The last book I read on madrasas (Hem Borker’s Madrasas and the Making of Islamic Womanhood ) argued that for all their flaws they offer a route to educational mobility for Muslim girls from conservative families, particularly from rural areas. These girls find madrasas empowering and a potential stepping stone to mainstream higher education, even a career. Some told her madrasas had transformed their lives.
Yet, her description of the life inside a typical madrasa (Borker spent some time at a Delhi women’s madrasa as part of her research) showed an institution mired in a culture of exclusion, with girls living isolated lives totally cut off from the outside world.

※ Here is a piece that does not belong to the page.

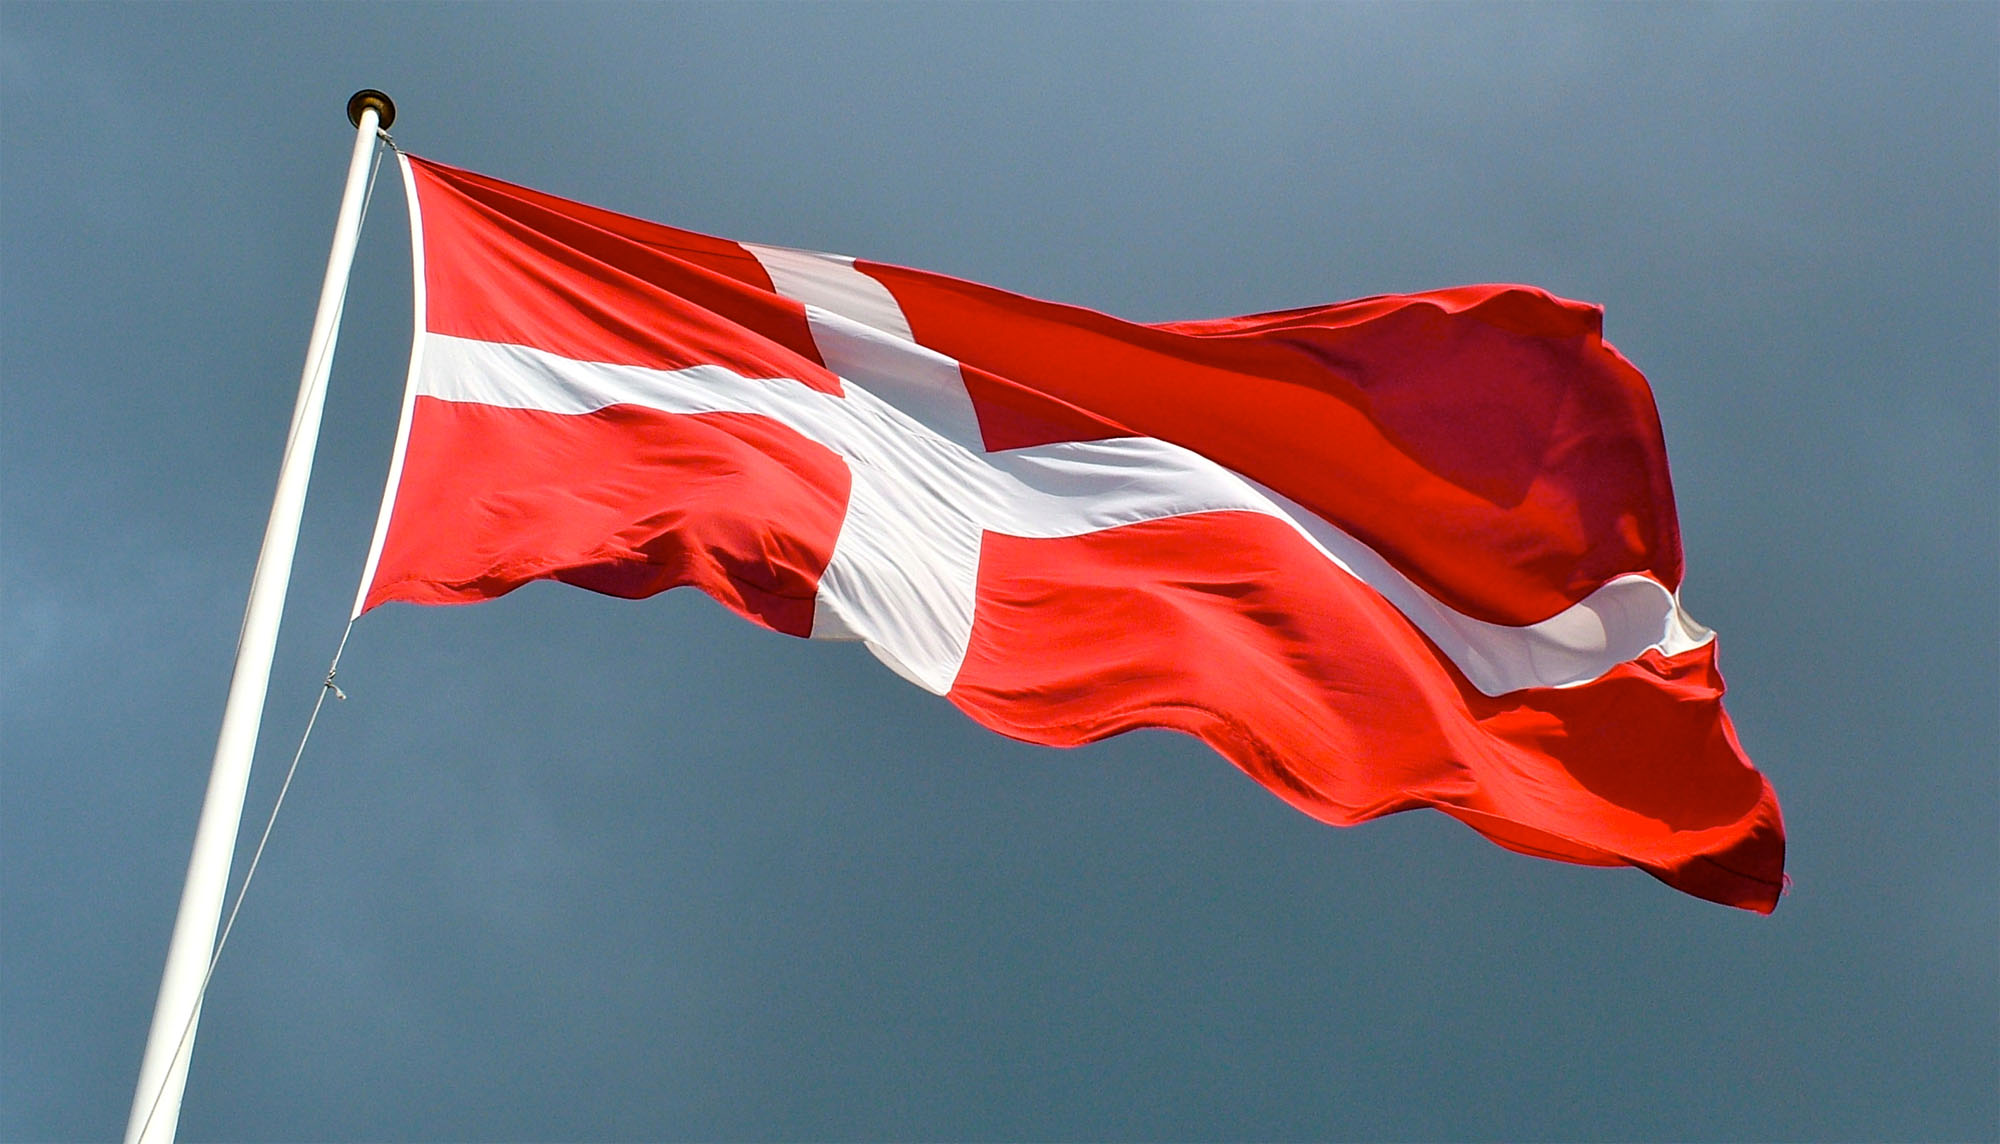 Svenska E-handlare öppnar gärna butik i Danmark

Ms Borker wrote she had worked with minority communities before but had “never engaged with an institution that is so Muslim, not just in terms of the student and staff composition, but also in its cultural norms, behavioural practices and ethos. ...zealously fenced, with multiple levels of security, which can be quite unwelcoming and intimidating”.
Her brave attempt to work up enthusiasm for madrasas was ultimately frustrated by the reality she encountered on the ground. The book under review also sets out to refurbish madrasas’ image by trying to portray them as a casualty of widespread Islamophobia, but soon it comes up against the hard reality behind the plight of madrasas and why they are perceived by the outside world with disdain and suspicion, making them a sitting target for attacks.

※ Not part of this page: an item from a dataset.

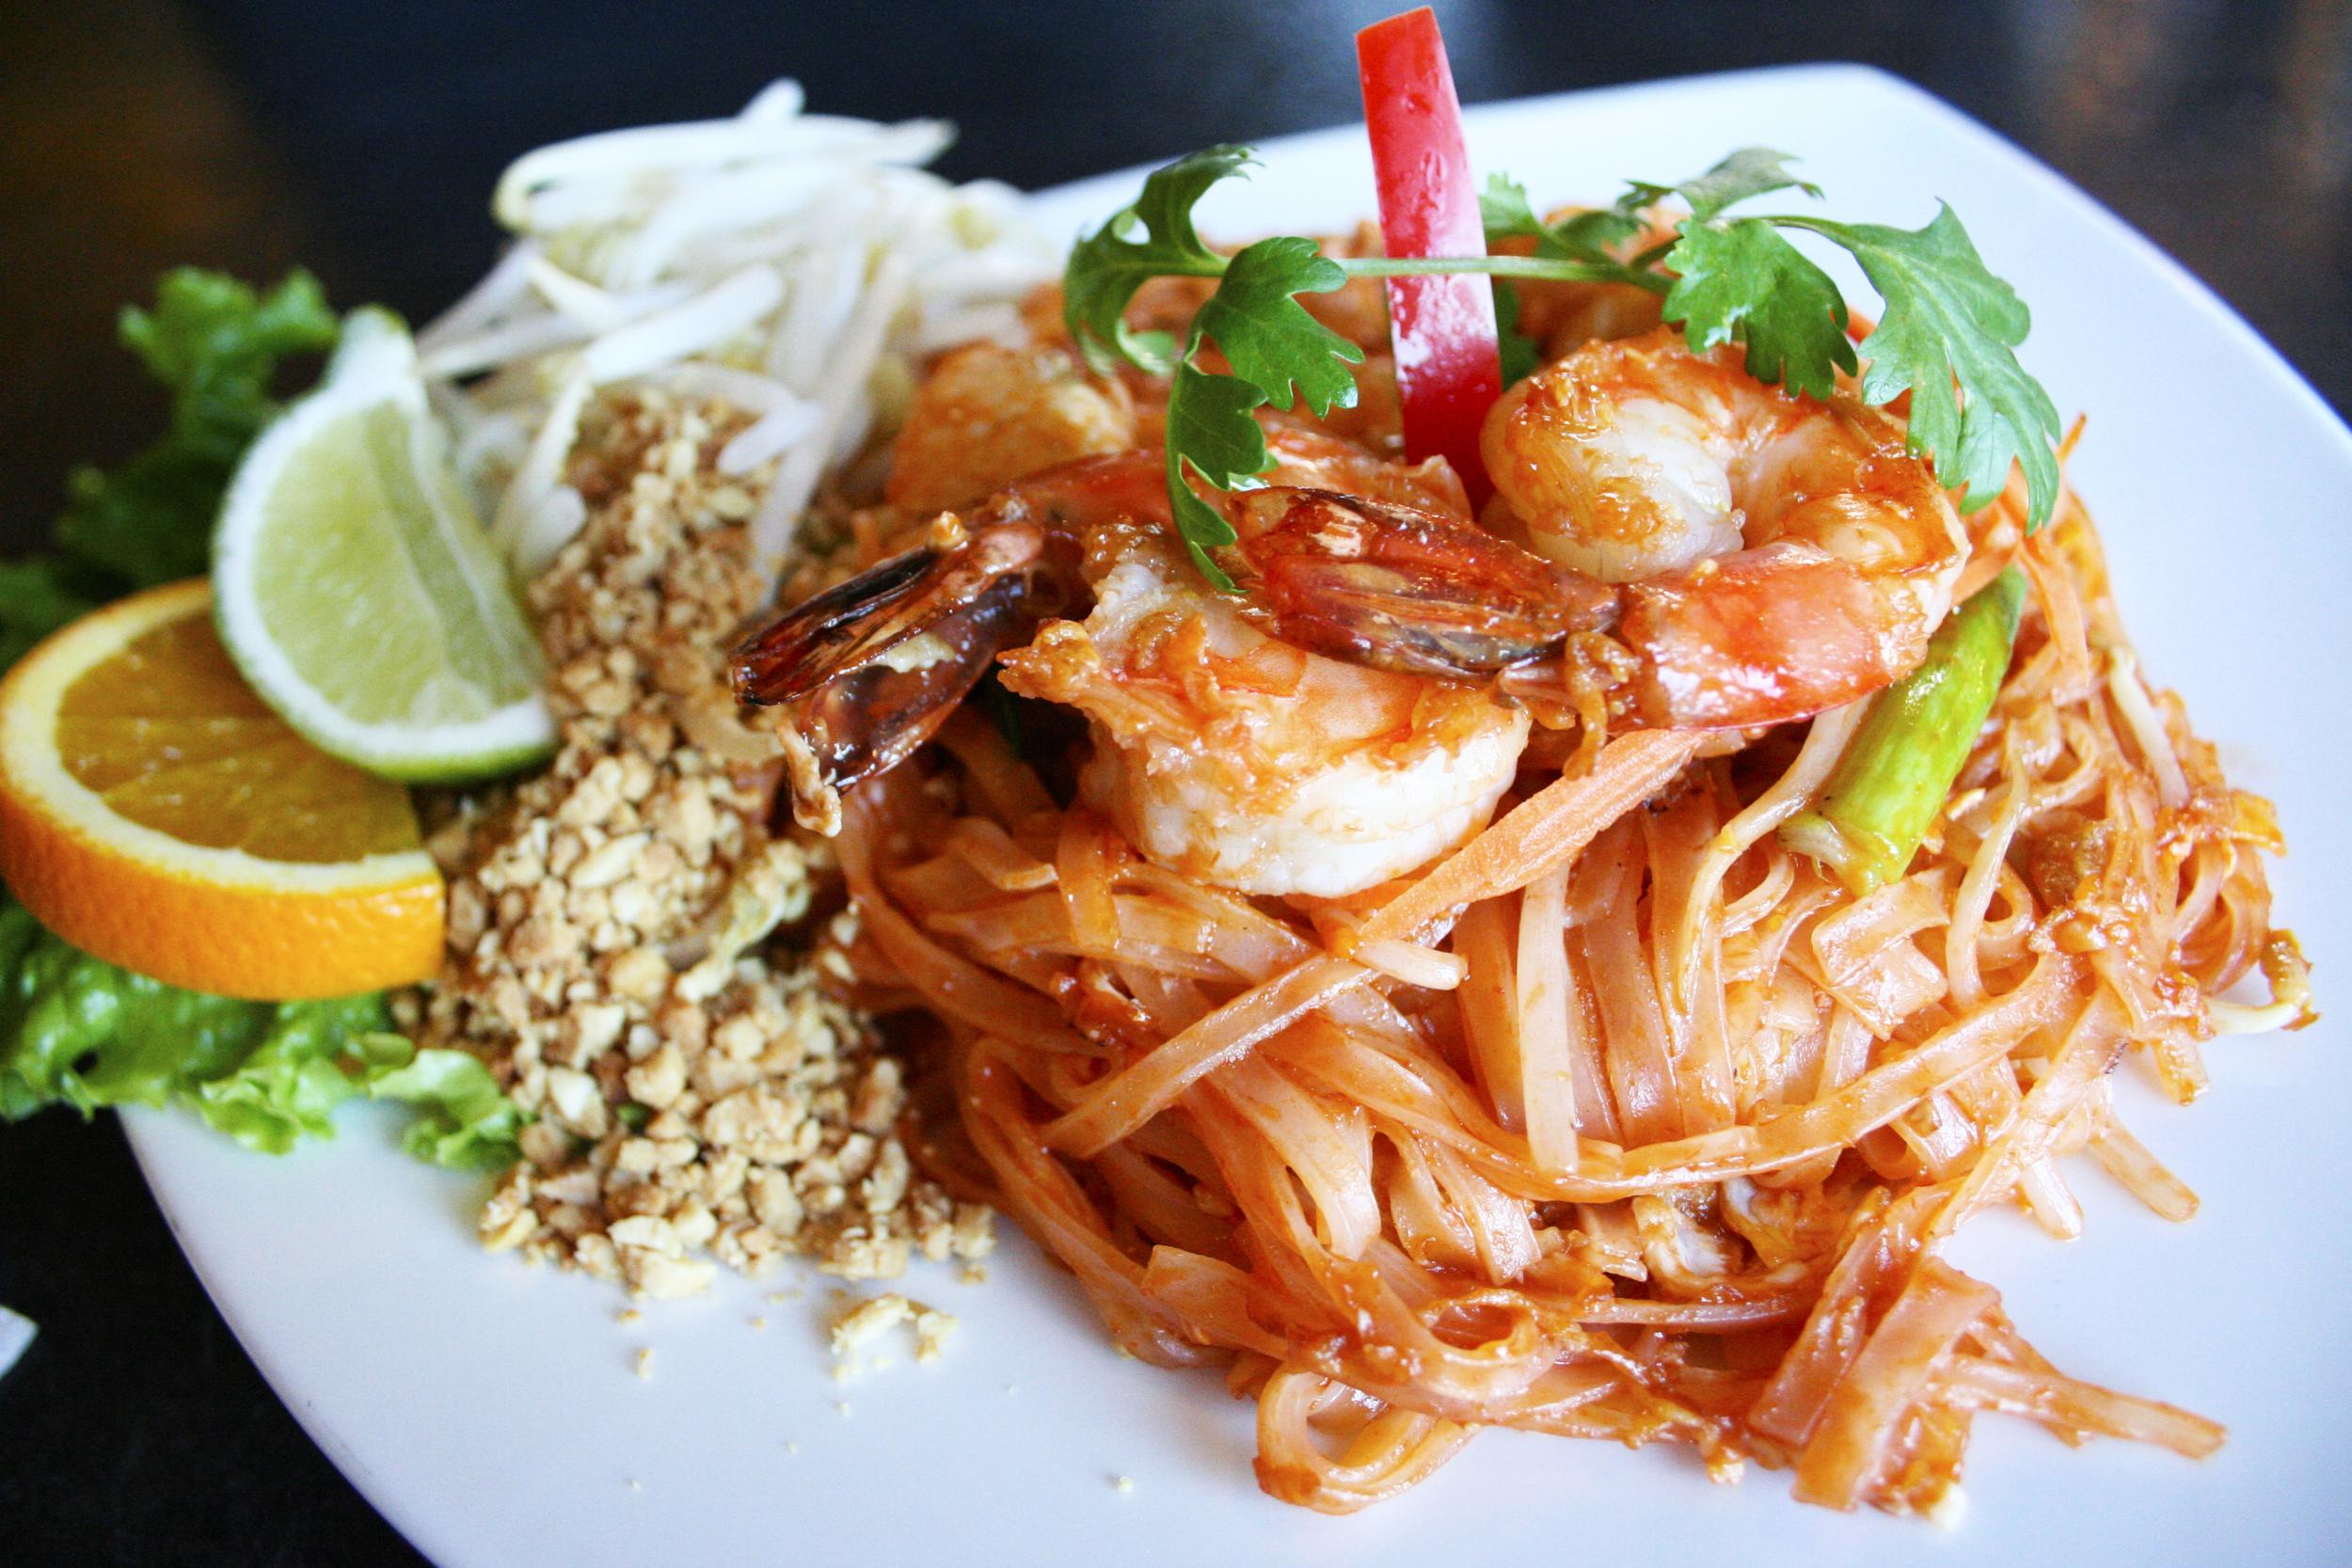 23-Pad-Thai-retouch.jpg

Describing a madrasa adjacent to a well-appointed school in Kishanganj (Bihar), which famously organises an international literature festival, it says that while the “students of the school in smart trousers, shirt and tie attend many of the deliberations, the students of the madrasa remain conspicuous by their absence”.
“All through the festival, they remain inside, emerging only to offer prayers at their appointed time....They are like frogs in the well: read, learn, memorise and repeat. From early morning to lunch, then again after a lunch break...the students sit hunched over religious texts. There are no tables, chairs, just benches to place their books and rough jute rugs to sit on,” the authors write pointing out that it’s the same story at “countless madrasas across the country”.

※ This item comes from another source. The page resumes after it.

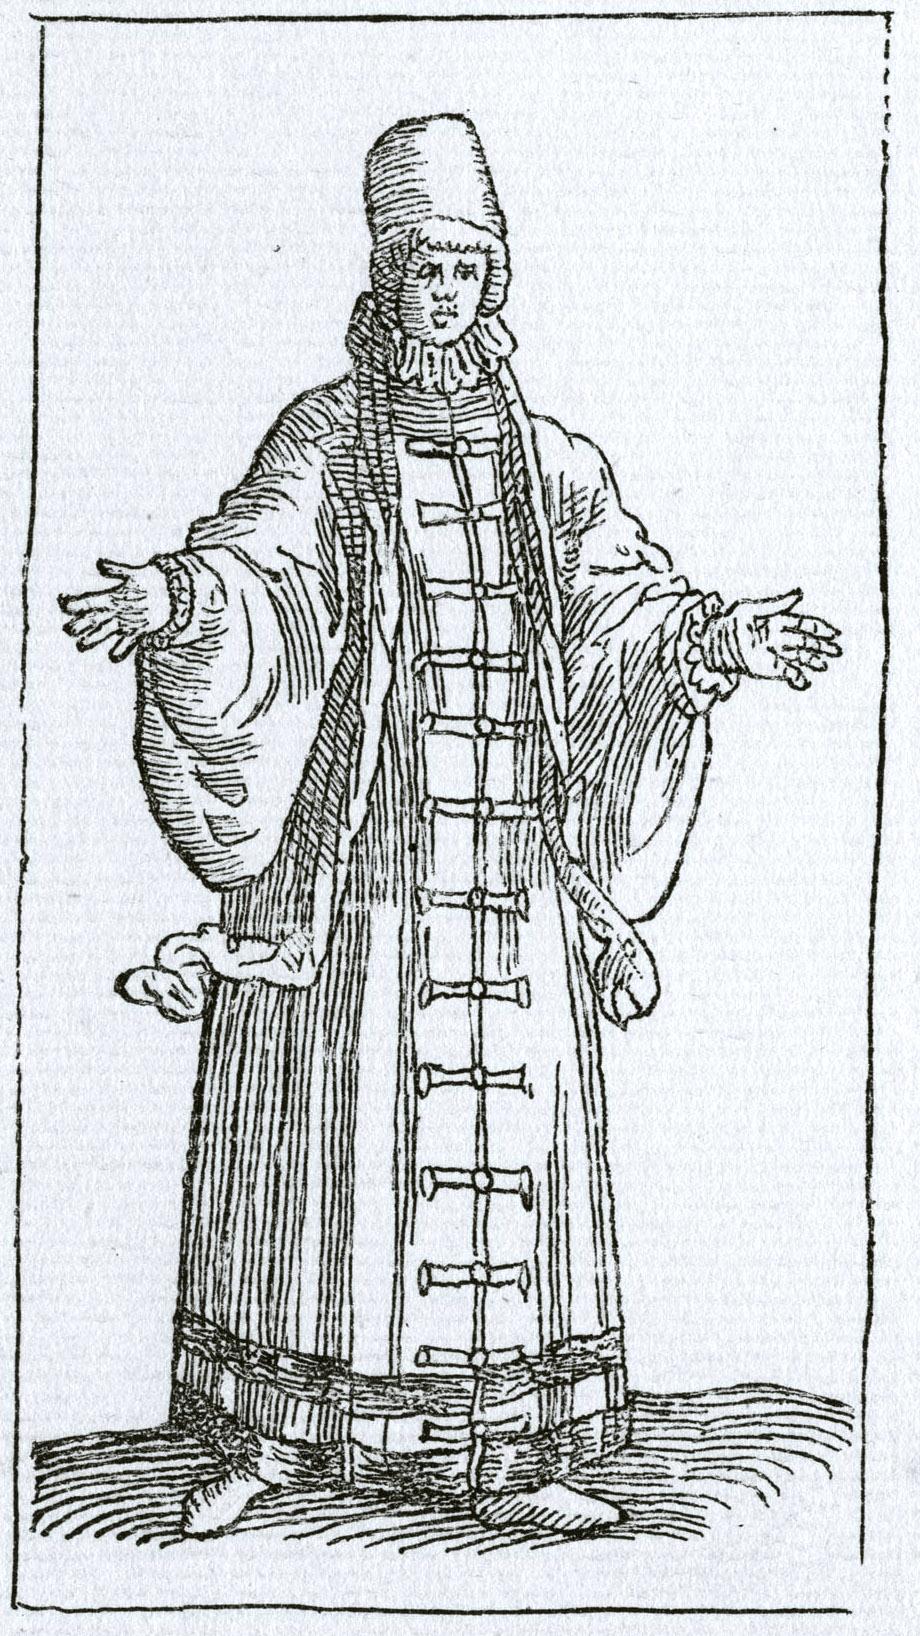 138. Гравюра из книги Чезаре Вечеллио, 1598

None of this — lack of basic amenities, regressive environment, antiquated curriculum and teaching methods— has got anything to do with Islamophobia, and everything with the system’s inherent institutional flaws. Some madrasas, as the book points, not only openly practise exclusion but also “indoctrinate” their students against rival Muslim sects. They are even forbidden from reading literature published by other sects. And attempts to isolate students from the outside world stretch to banning them from reading English and Hindi newspapers considering these languages as “foreign to Muslims”. (Page 173).
This book is significant not because of what it says but because who is saying it. It’s written not by any old Islamophobic madrasa-sceptic, but by two devout Muslims who are knowledgeable about madrasas; appear passionately to care for them, writing about their decline with a real sense of loss; and believe in their continued relevance.
Book details
Generally, a reflex Muslim reaction to any criticism of madrasas is to dismiss it as Islamophobic rant, or coming from armchair detractors who have never “seen the inside of a madrasa” (as one madrasa head is quoted as saying about critics). But Ziya Us Salam (a former colleague at The Hindu ) and M Aslam Parvaiz are “kosher” Muslim voices and the community will find it harder to shrug off their outspoken criticism of a system teetering on the brink—starved of funds, steeped in conservatism, stuck with an outdated curriculum and resistant to change.
They warn that only a radical “overhaul” (end to sectarianism and modernising the syllabus) can help it “survive into the next century”. Sectarianism runs so deep that most madrasas teach “only one interpretation of Islam” depending on the sect to which a madrasa belongs. None of this is news. But, for a change, the conveyors of this bad news are not the so-called usual madrasa or Muslim-baiting suspects but respected credible voices from within the community. Which will make it harder for the madrasa lobby to shoot the messenger this time.
The book offers a well-documented and honest critique of madrasas, but spoils its card somewhat by opting for a slightly misleading populist title, “Madrasas in the Age of Islamophobia”. Those who buy it hoping to get an understanding of how Islamophobia has affected madrasas may be forgiven for feeling disappointed that it doesn’t quite deliver what it says on the tin.